After that little project, it was time for ... BEERFEST.  Before we were broke, Ted and I bought tickets to the Penn Brewery Microbrewers Fest.  We had been several years ago, and there since then has been a real change in the festival's composition: almost every brewery featured was actually a local or regional brewery.  From Pittsburgh metro alone you had Penn, of course, Fat Head's (which is technically brewed at their small facility in Cleveland but is still a Pittsburgh establishment and company), Church Brew Works, East End Brewing, Full Pint, Rivertowne, Rock Bottom (a chain, but the beer is still brewed here), and Arsenal Cider.  There were also breweries from Altoona, Erie, Youngstown, Slippery Rock, and other nearby points in Pennsylvania*, Ohio and New York.  There was a Philadelphia brewery that had a little sign up saying, "We did NOT brew 'Crosby's Tears' - that was ANOTHER brewery!"  There were a few non-local breweries -- Rogue, Avery, Harpoon, and etc., which were being represented by local distributors rather than actual brewers -- but you got the feeing that they were there just to fill up the remaining spaces.  (One non-local brewer came all the way from Missouri, and was actually really good: O'Fallon.  I really liked their Wheach**, which is strange, because I am normally not a fan of fruity beers.  And another, New Holland, from Michigan, had what Ted thought was the best beer of the day, their Charkoota Rye.)

The Beers.

The point is, a few years ago, I don't think a microbrewers' fest in this city could have been populated by a majority of local and regional beers.  I think the fact that now it can be is a great sign for like, how awesome Pittsburgh is for you if you are an awesome person who likes good beer; but I also think it's a good indication of the region's health in general: I have no science to back this up, but I would bet that areas that are doing well have a lot of microbreweries, and areas that aren't, don't.

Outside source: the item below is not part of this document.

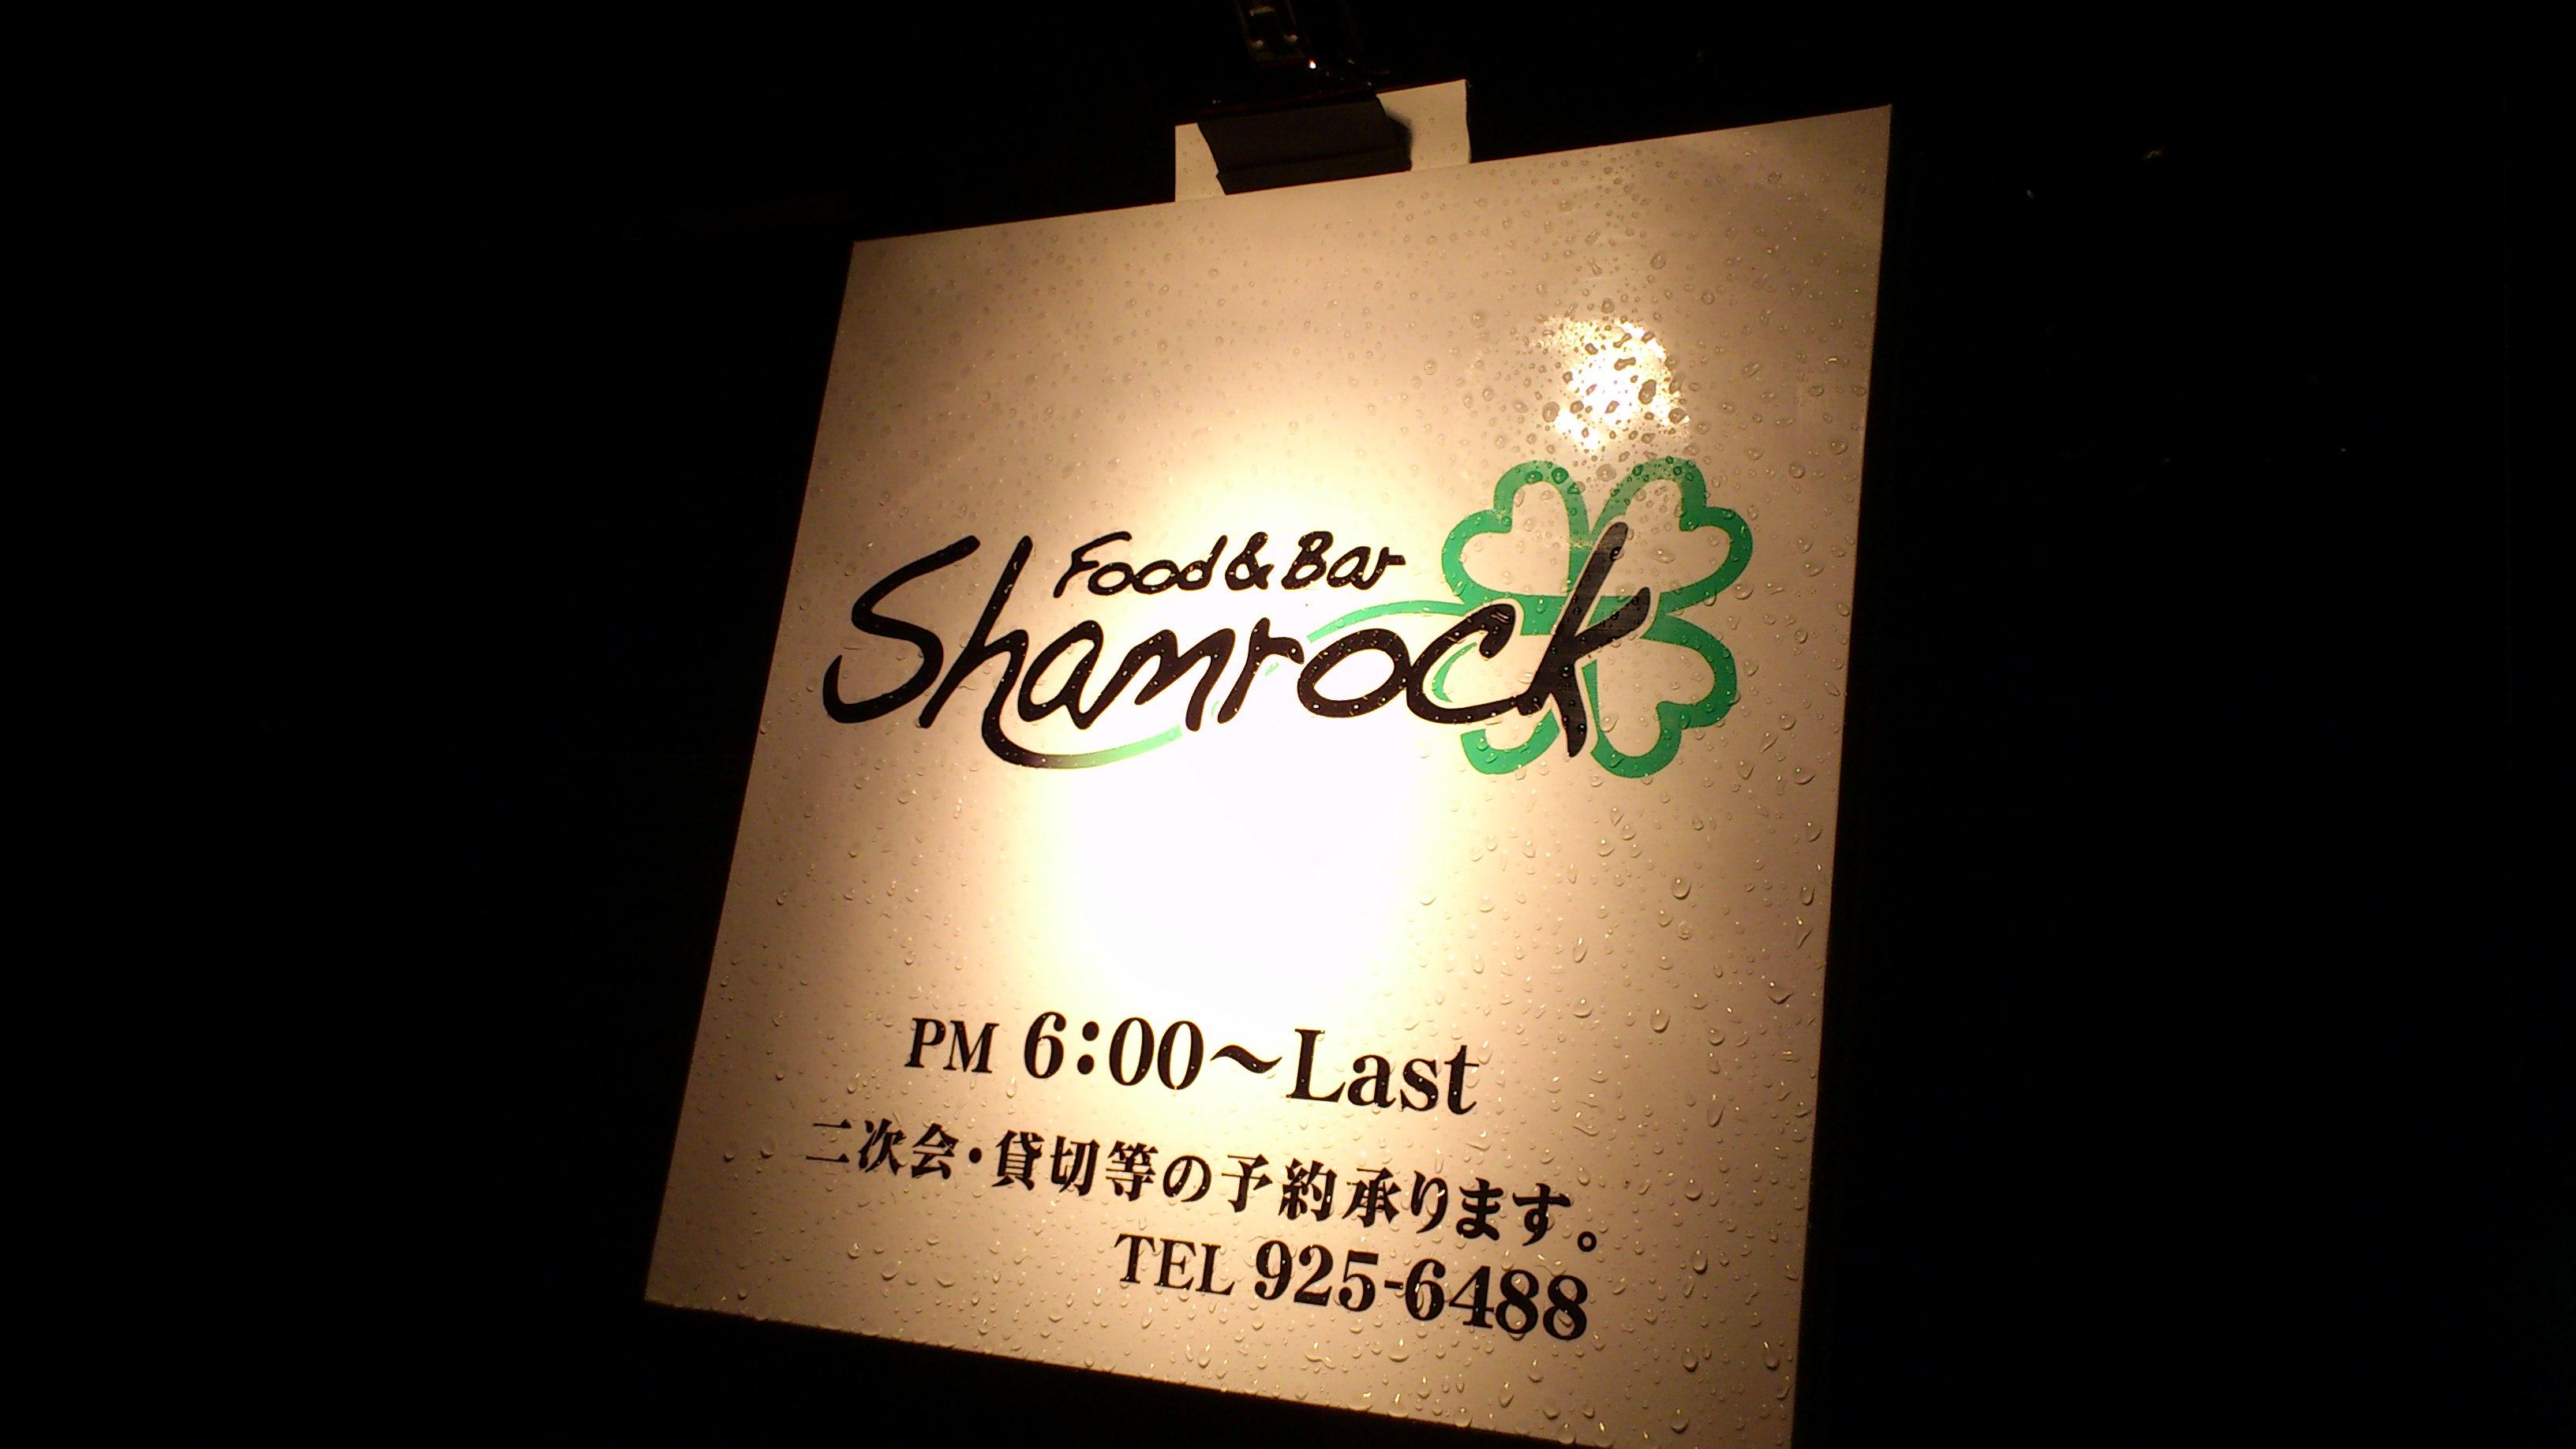 シャムロック

By the by, part of the price of admission was noms from Penn's restaurant.  I had a sausage and sauerkraut sandwich with a side of warm potato salad, which was tasty as hell.  That place has really good German food.

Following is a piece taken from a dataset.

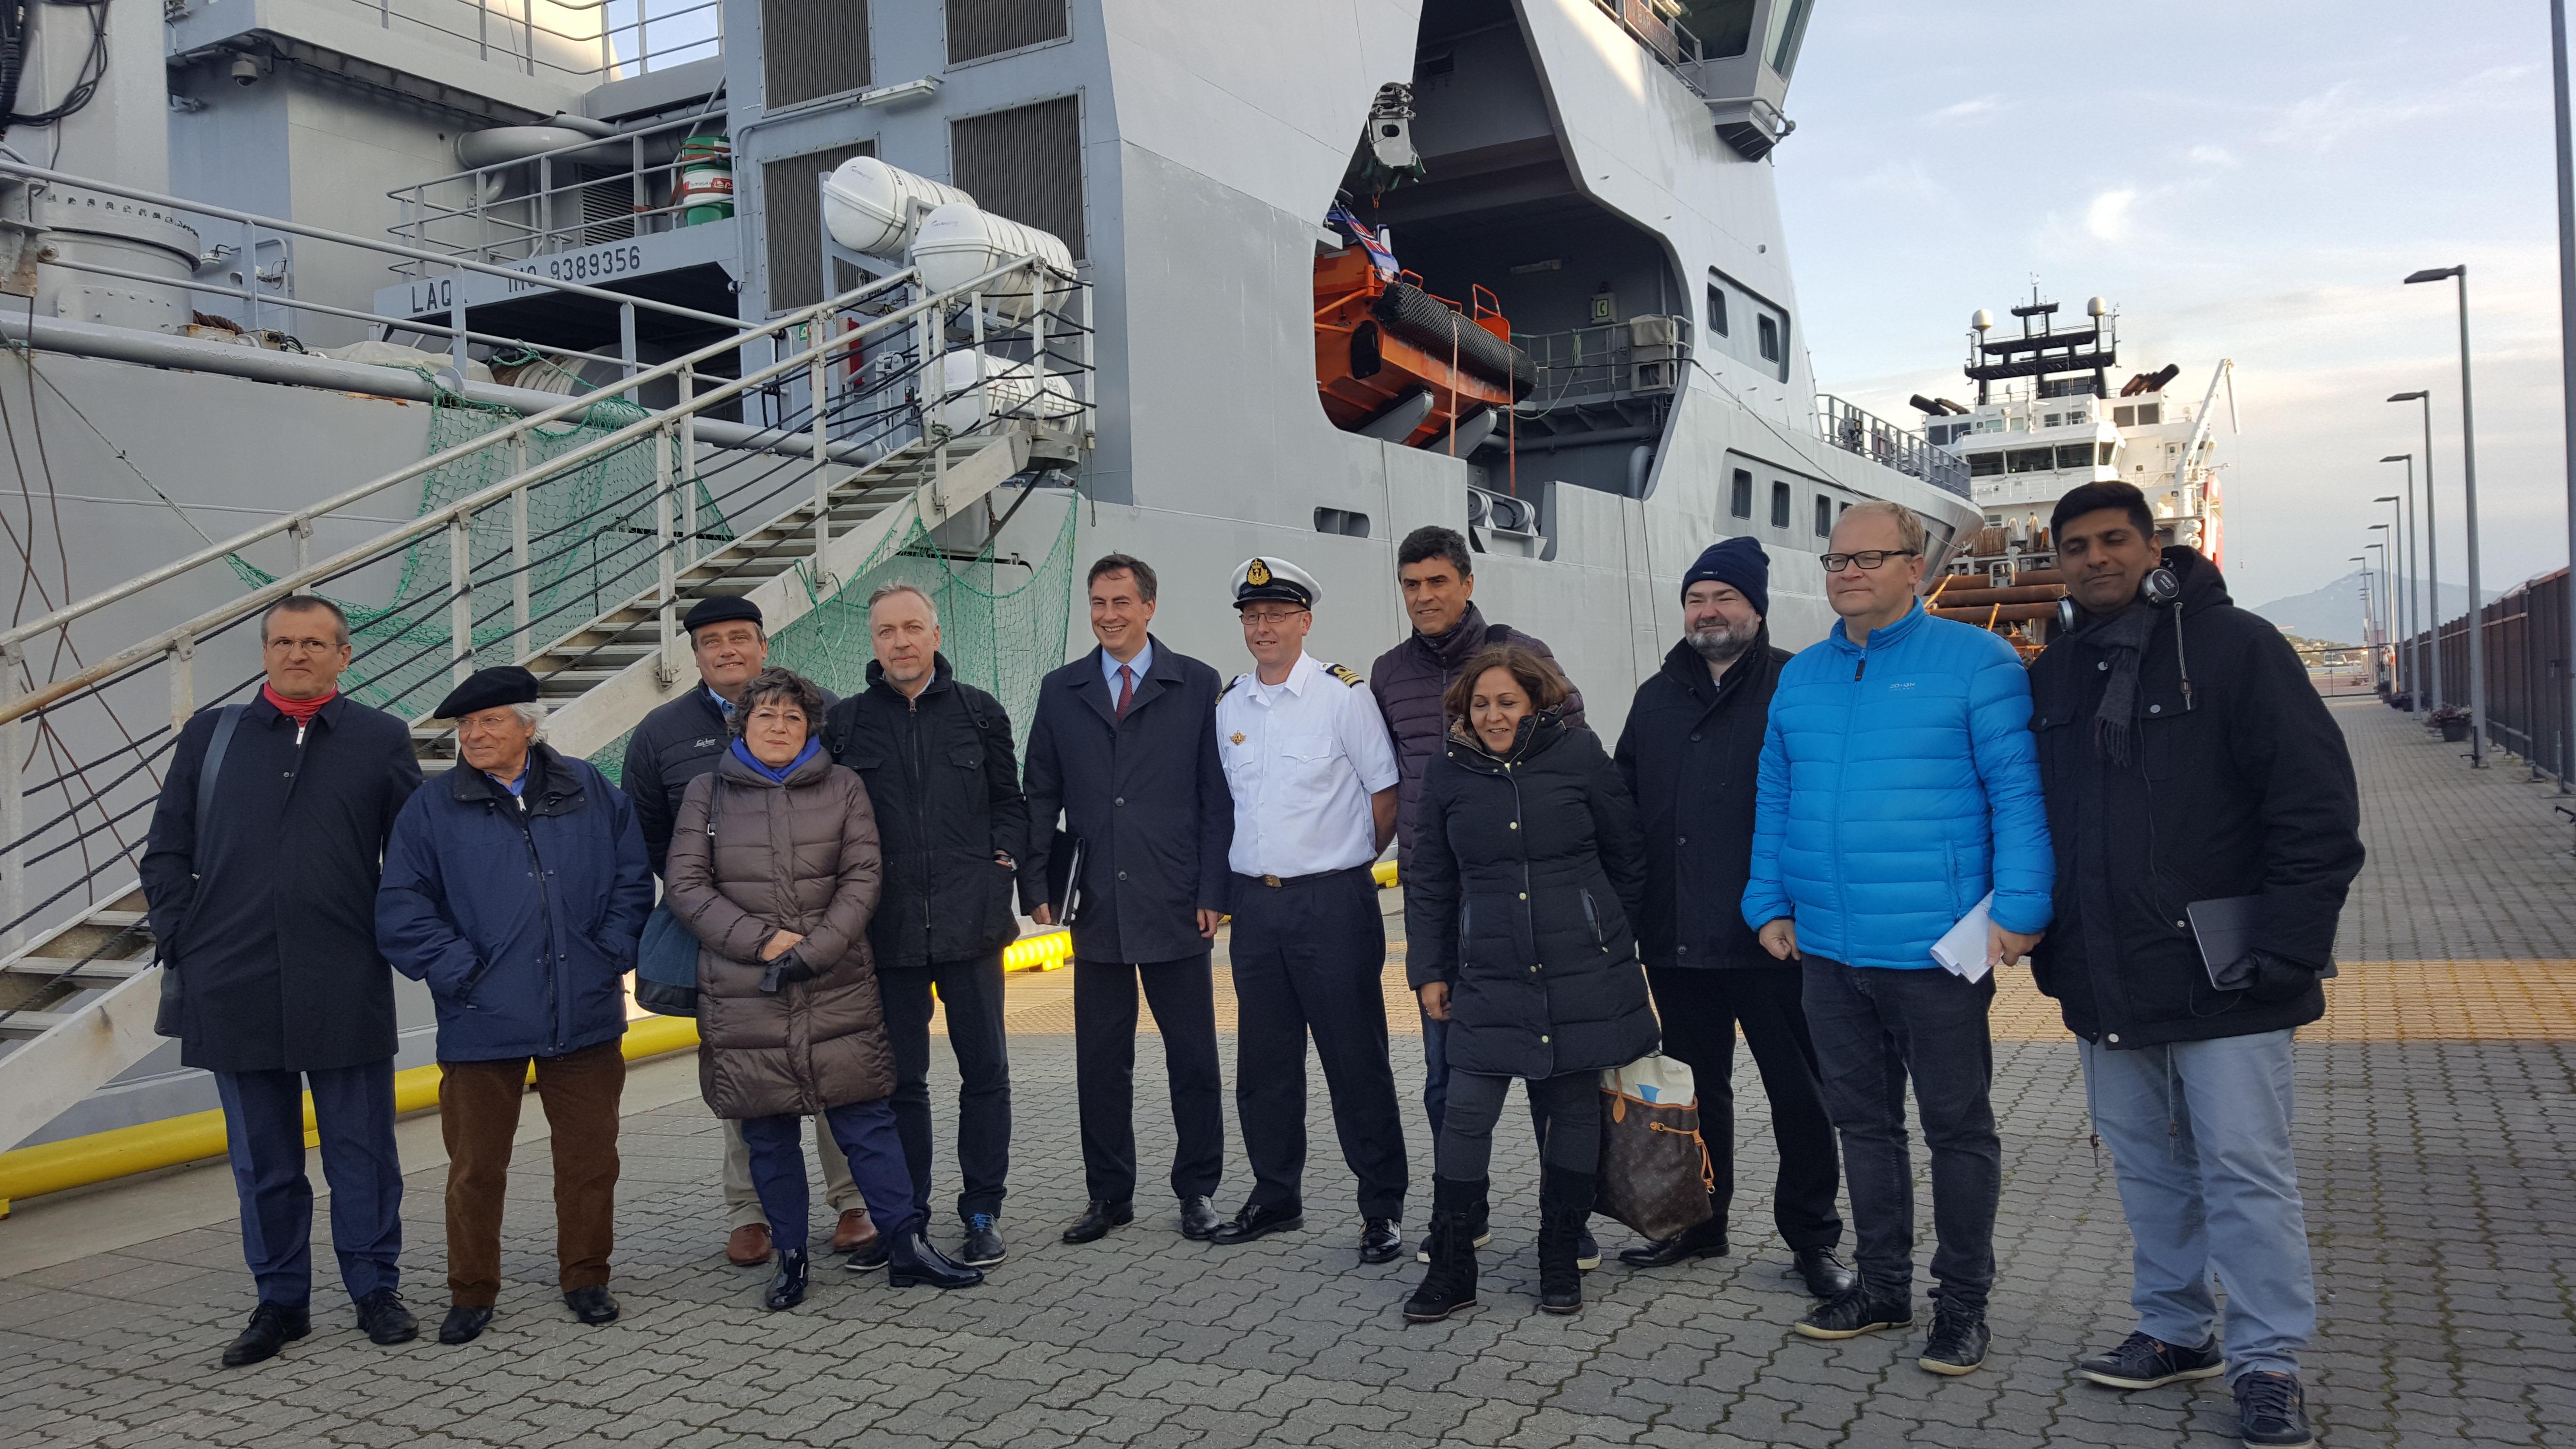 AFET delegation with Frode Urke, Commanding Officer of the Coast Guard patrol vessel KV Barentshav

Food to eat while drinking beer.

Sunday rolled around and I missed the Queen's Diamond Jubilee flotilla down the Thames to go to mass, because there was supposed to a meeting of the Parish Life Committee's youth group organizing subcommittee, and ... then there wasn't.  I've decided not to air my grievances about this here, out of tact, but let me just say this: do not join a church committee.  Just don't do it.

Sunday rounded out with an awesome visit from Ned, who is an old college pal of mine.  He lives in DC now, but was up in the Burgh visiting, and so we got to have some wine and chat, which was great.  I like Ned a lot, and we always make the effort to see each other when I'm in DC or he's in Pittsburgh.  Except college pals always make me feel old.  Sigh.

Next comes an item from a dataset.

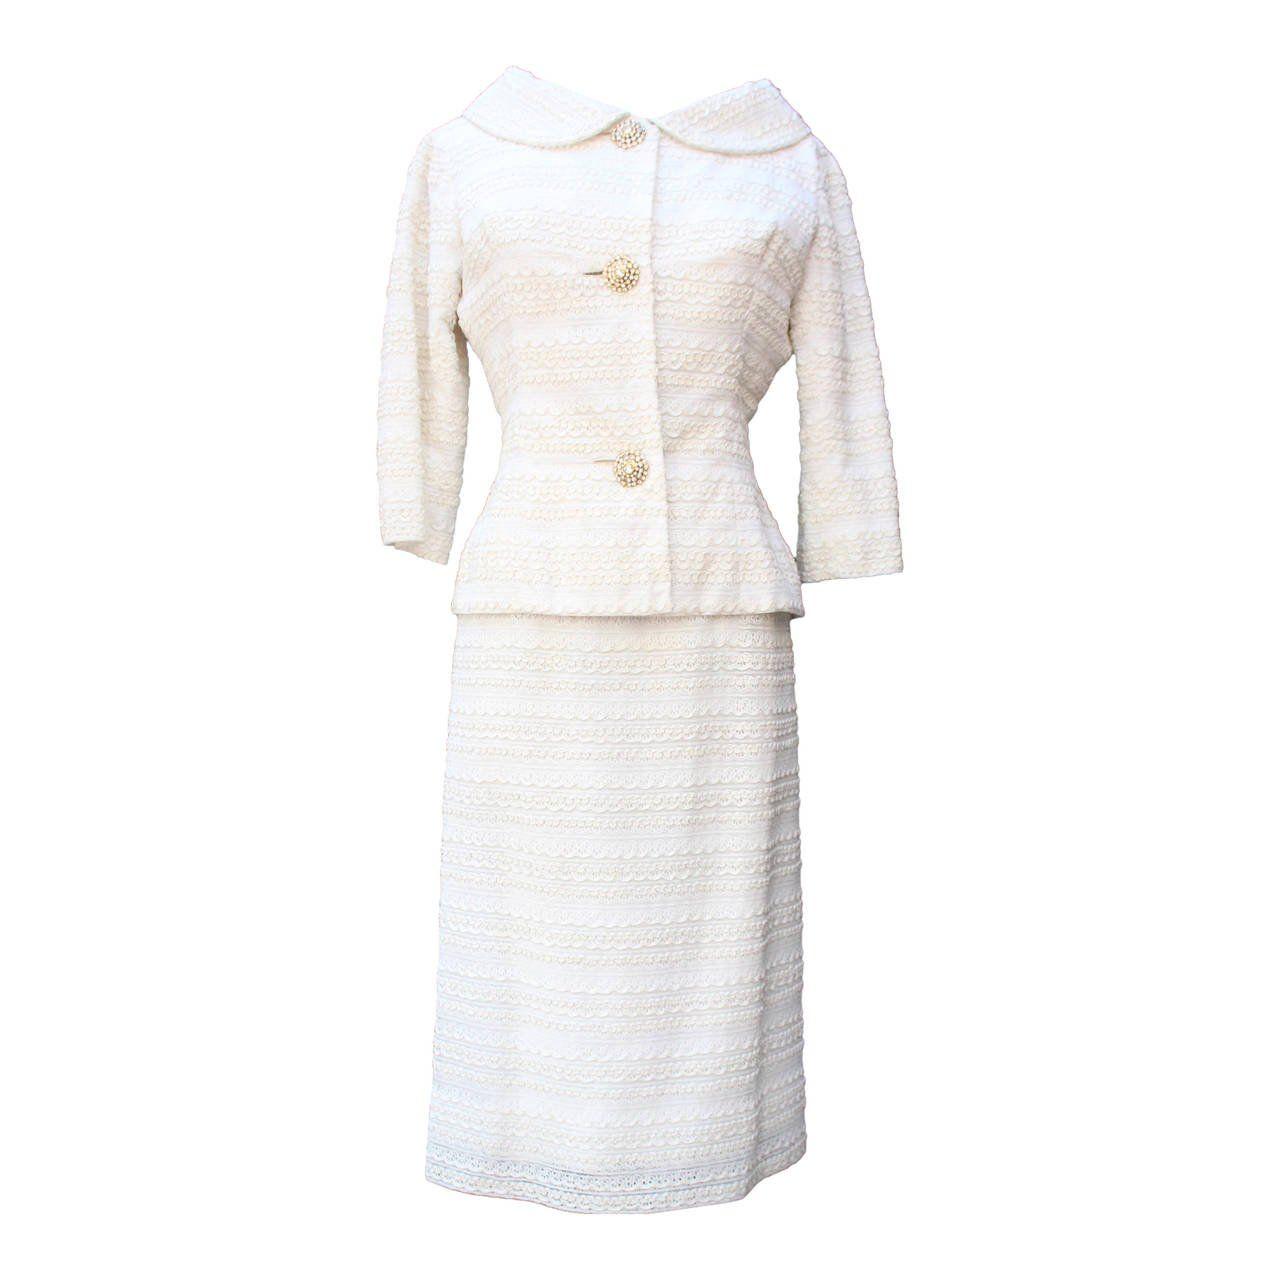 Lace dress jacket   Carven Haute Couture White Lace Dress and Jacket Ensemble

Oh, and dinner was stuffed shells, which I bring up so as to report on what I regard as a strange thing.  This is my second round of stuffed shells, and on both occasions, I used a very simple tomato sauce: a can of whole plum tomatoes, an onion, and butter.  (The onion is halved and allowed to simmer in the sauce for about 45 minutes, then removed -- blend tomatoes if they don't break down in that time.)  On the first occasion, my ingredients were: 1 28-ounce can of Muir Glenn plum tomatoes, one white onion, 5 tablespoons of butter.  On the second occasion, my ingredients were: 1 28-ounce  can of San Marzano plum tomatoes, one yellow onion, 5 tablespoons of butter.  (Neither can of tomatoes contains anything but tomatoes in juice.)  The sauces turned out completely different in color and flavor!  I don't know if it's more to do with the onion or the tomatoes, but this time the sauce was golden red and very cream-like in consistency, whereas previously it had been much redder and had much more of a tang.  I find this sort of fascinating.

Plus isn't that a great looking salad?


So anyway, as I said, Mom's back again today, painting away, and then we're going to get lunch, hit the farmers' market, and maybe get a drink.  Ted is in Columbus for work today, and this is awesome, since he's going to return with a case of Two-buck Chuck from their Trader Joe's (Fuck you, PLCB.  Fuck.  You.) and a box of Tim Horton's donuts.  It's the little things.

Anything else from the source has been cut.